Carbon credit standards certifier Verra announced on May 25 that it was immediately banning the conversion of retired credits into blockchain tokens, months after crypto platform Toucan’s plan to use blockchain to upend the entire carbon credits system backfired.
Carbon credits that fund emission-reducing efforts are bought by polluting companies. While airlines, banks and oil companies are among the top buyers of carbon credits, crypto enthusiasts do not frequently buy offsets to compensate for creating emissions.
Start-up Toucan planned to push the disorganised and archaic carbon markets onto the blockchain in a bid to counter climate change with crypto economics. Toucan felt with a public and decentralised database, the company could force polluting companies to either buy carbon credits at higher prices or adopt more environment-friendly approaches in their businesses.
What were Toucan’s plans?
Toucan, a Web3 organisation launched October 2021, planned to set up an infrastructure to facilitate the buying of carbon credits issued by Verra. The credits would be retired and then placed on-chain in the form of a new token, known as a Base Carbon Token, or BCT, which would be stored publicly and safely and traded like any other crypto asset.
Since their launch, Toucan has bridged on-chain around 22 million Verra-issued credits, representing around 4 percent of all issued credits, a report by S&P Global said.
Most of the credits came on the back of a campaign by crypto environmental group KlimaDAO. However, most of these credits were attached to low-quality, long-dormant projects which hardly had any positive impact on environment, Bloomberg reported. This impacted market prices, triggering panic among traditional carbon-credit issuers and buyers.

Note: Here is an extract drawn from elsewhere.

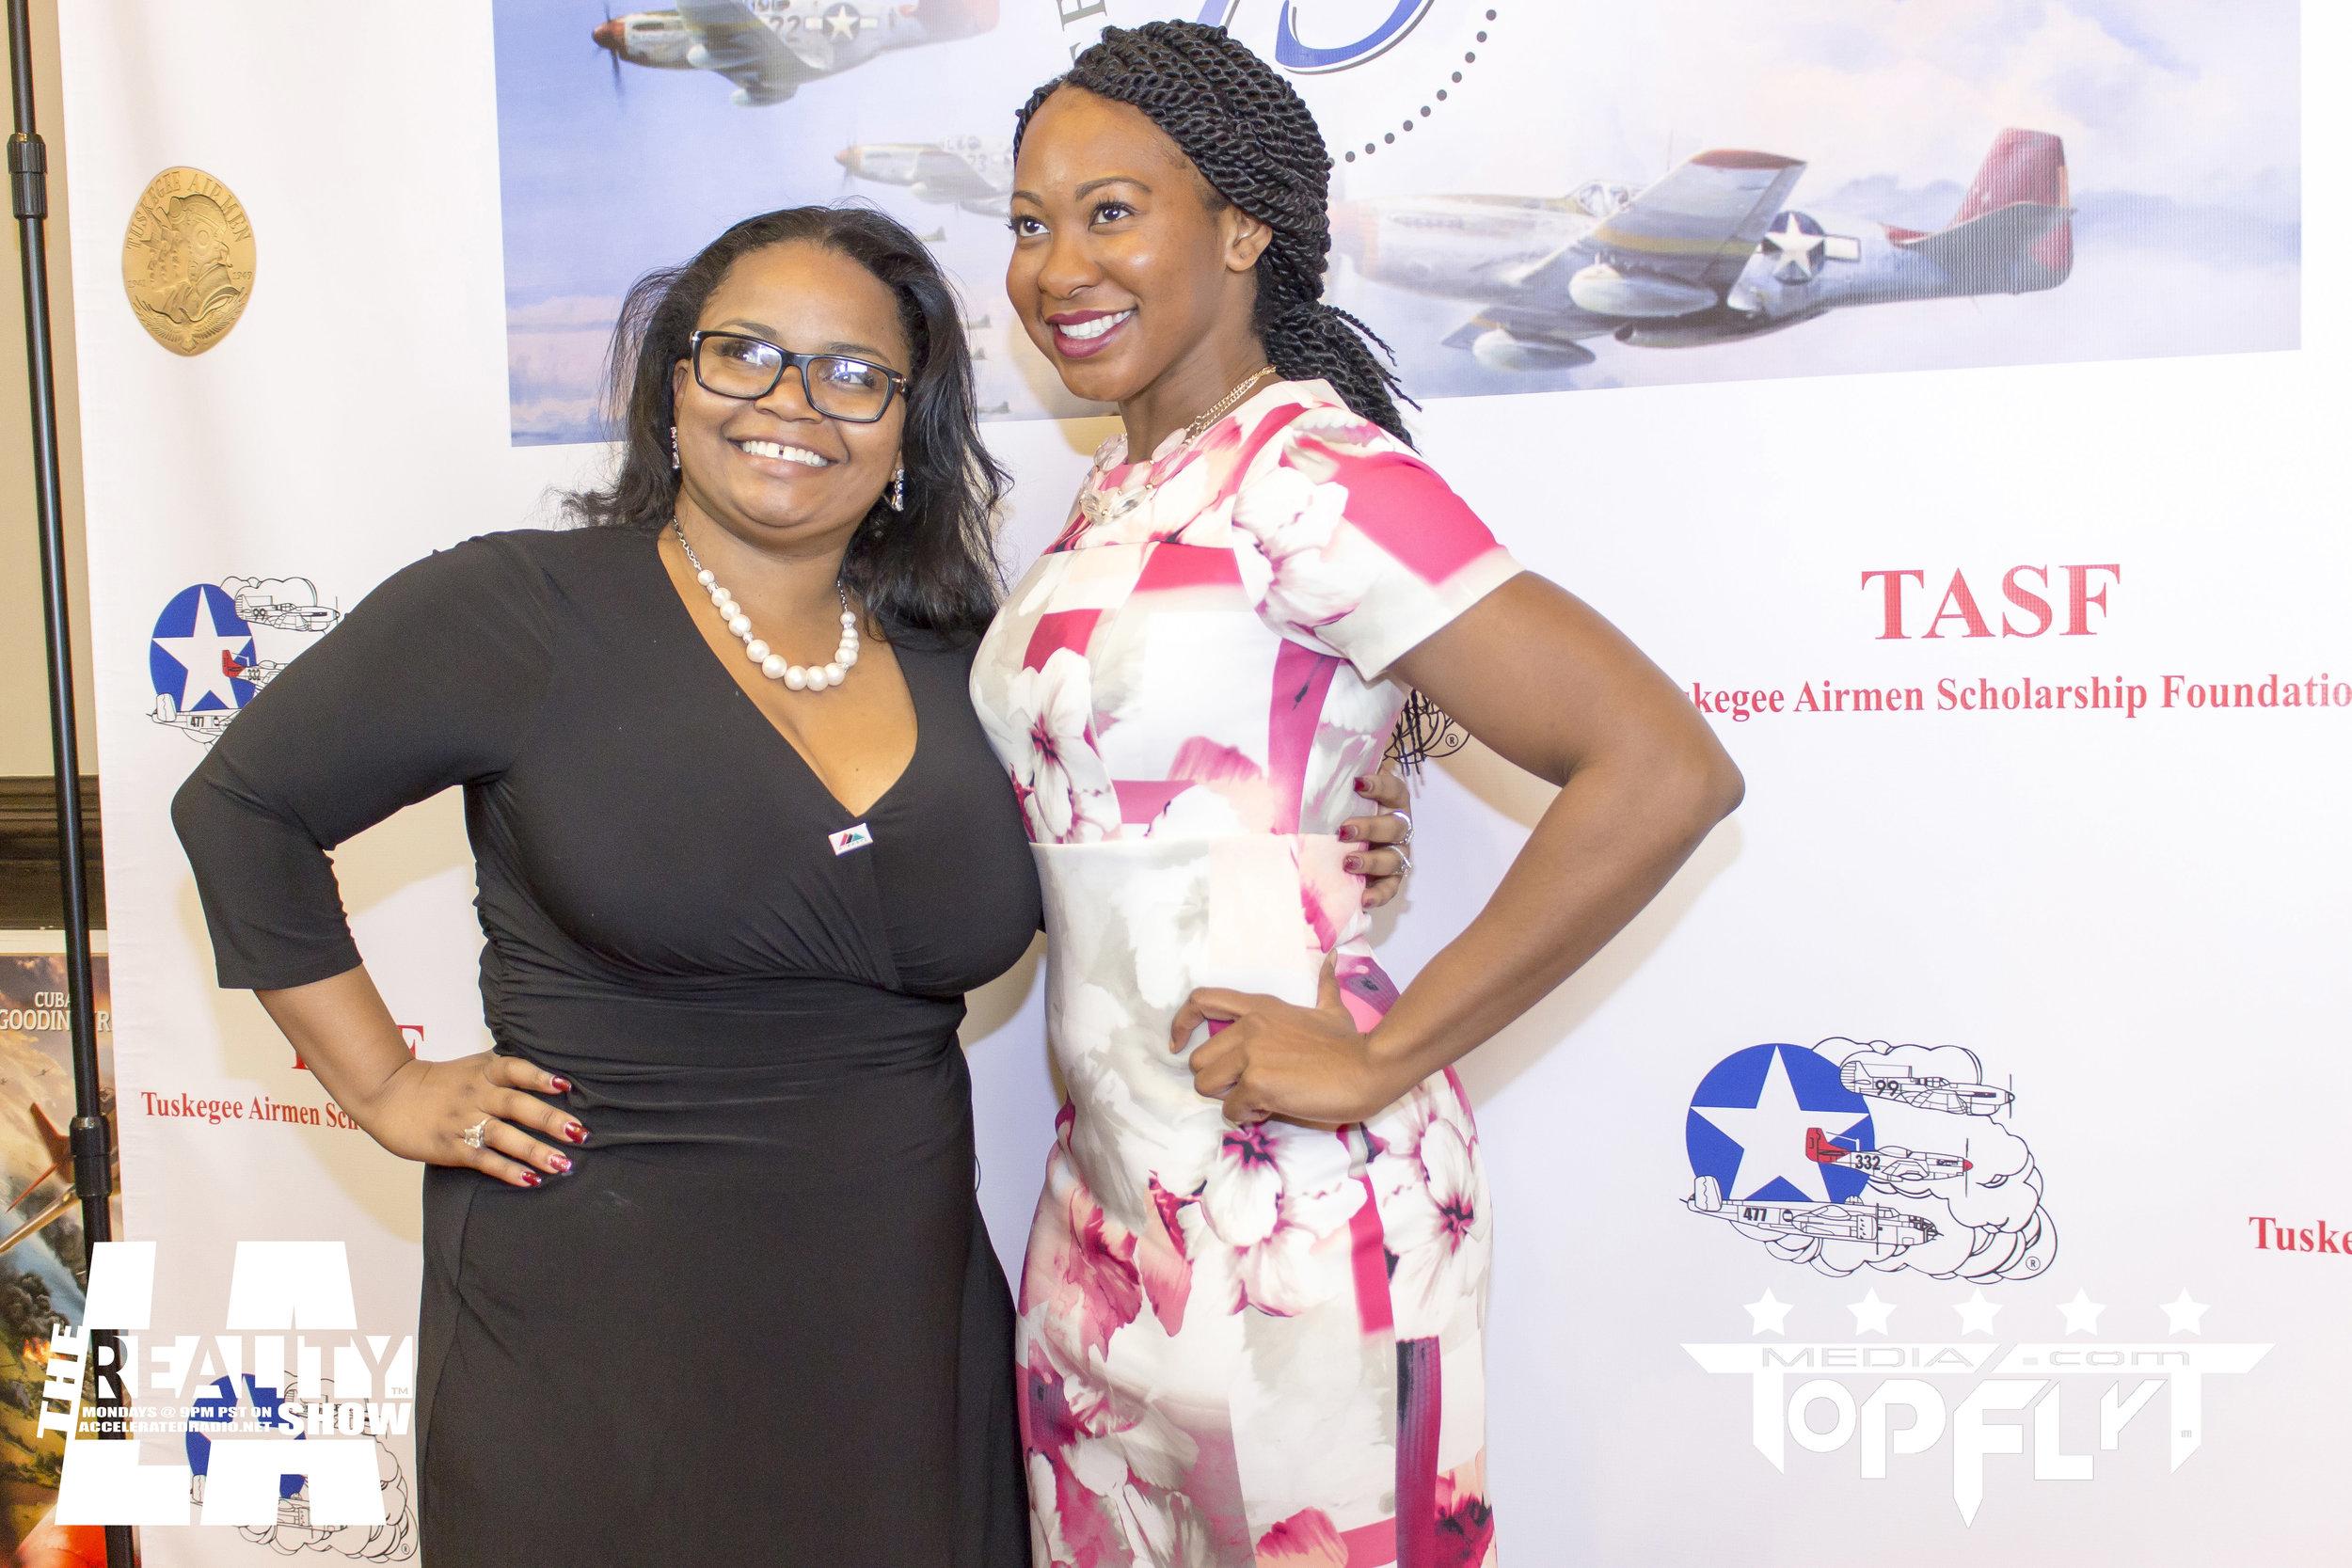 The Reality Show LA - Tuskegee Airmen 75th Anniversary VIP Reception_89.jpg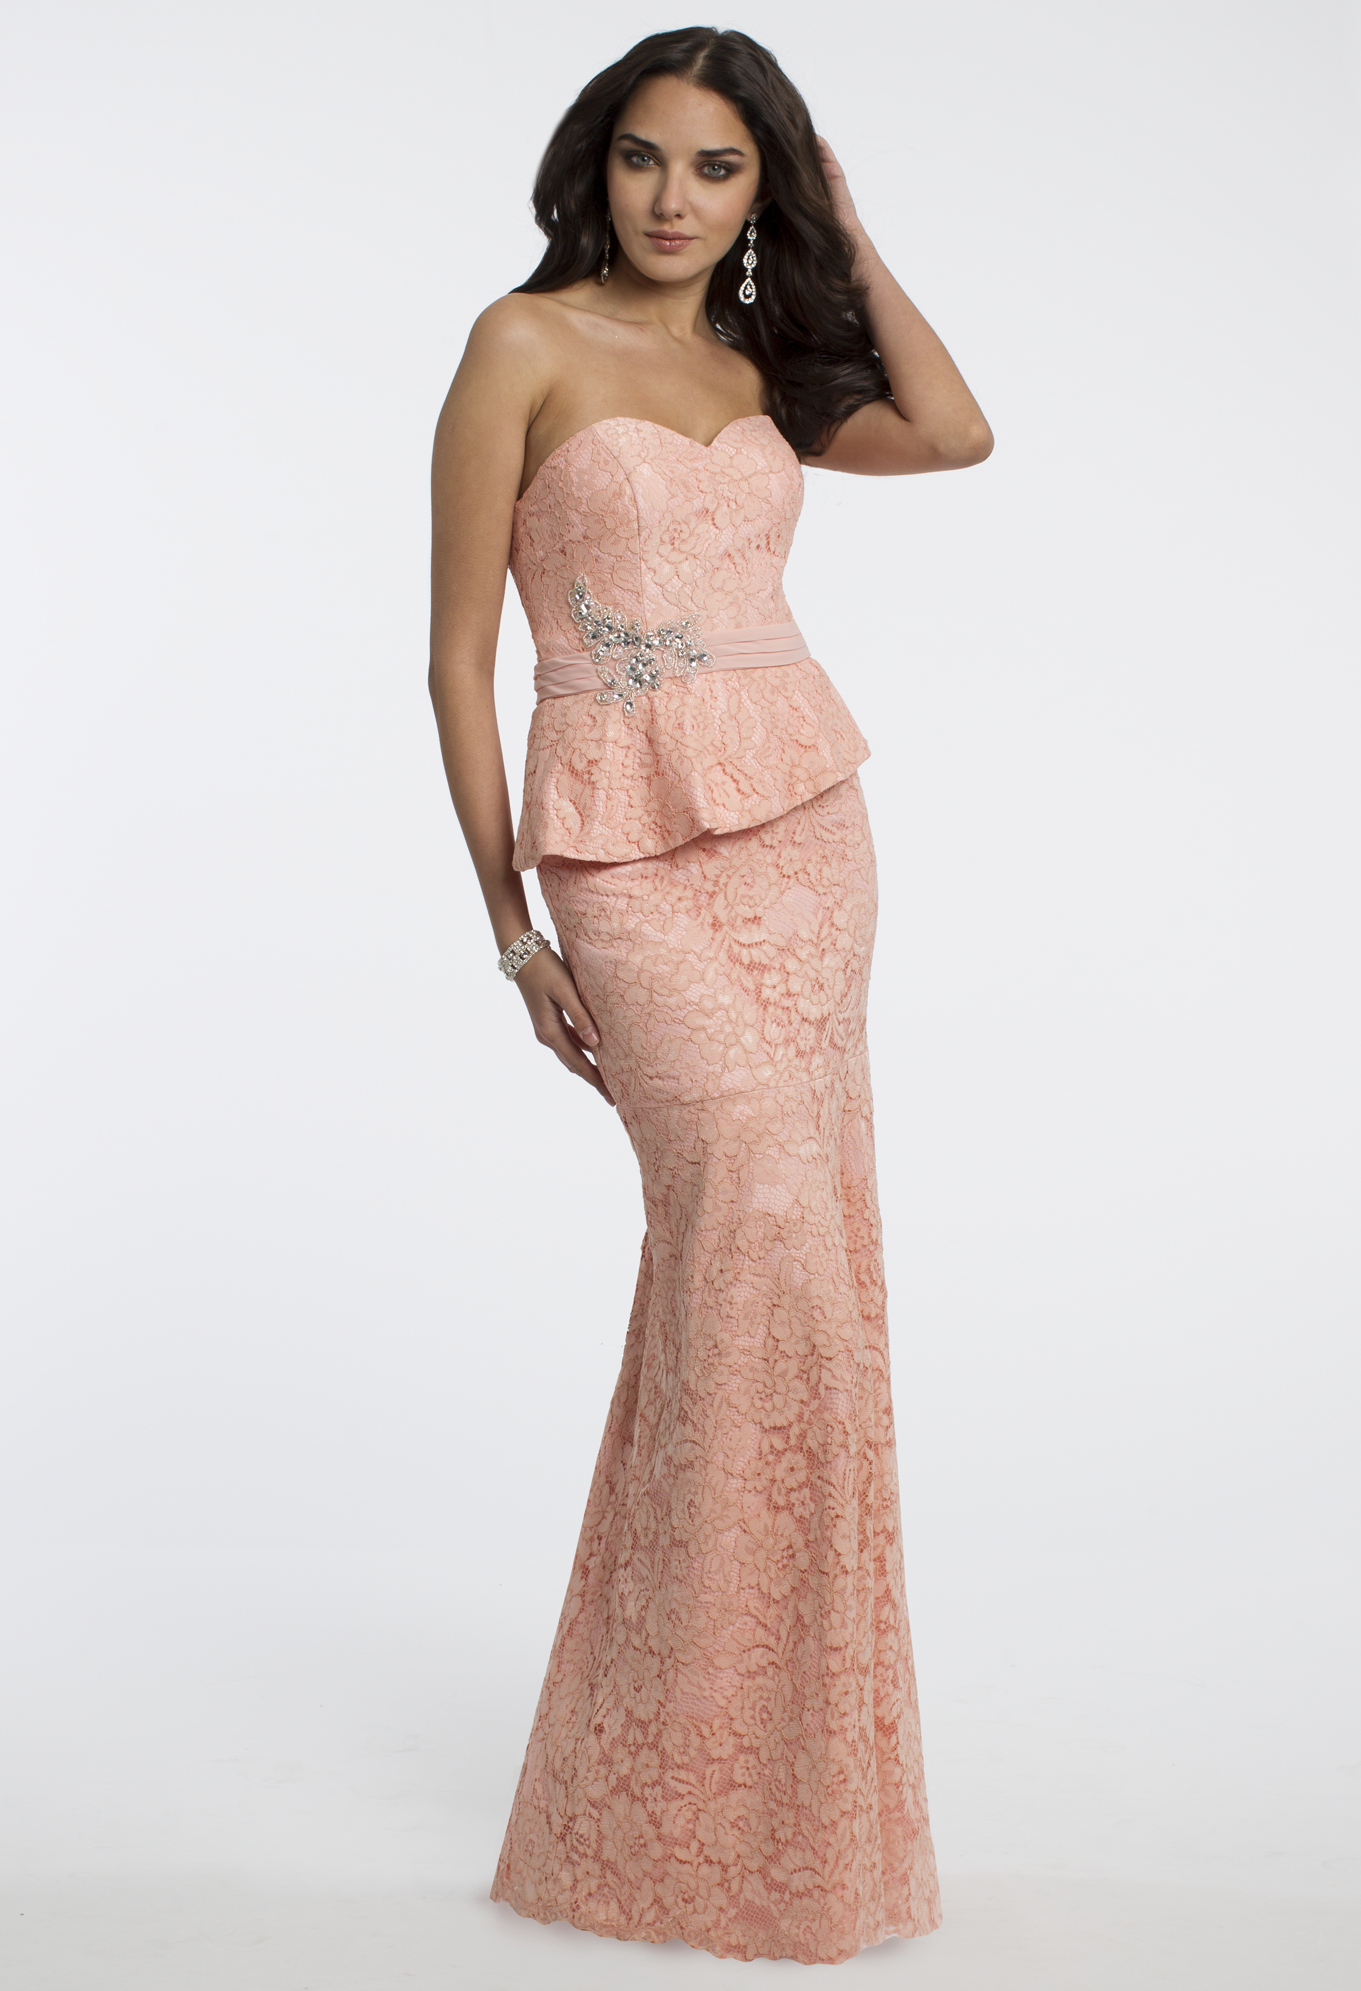 Camille la vie peplum prom dress with matching shawl prom camille la vie peplum prom dress with matching shawl ombrellifo Images

Also, many blockchain and crypto platforms offering tokenisation marked the Verra-registered carbon credits as ‘retired’ on the registry before creating a token to prevent double spending. Some platforms left the credit active.
What does Verra want?
Verra took the decision to ban the conversion of retired credits into blockchain tokens to eliminate the confusion. The Washington-based non-profit wanted to ensure that when a carbon credit is retired, it would mean that the credit's environmental benefit has been exhausted on being used to offset a company's emissions. Toucan’s plan distorted this belief by giving life to a digital ghost of that credit in the form of a BCT.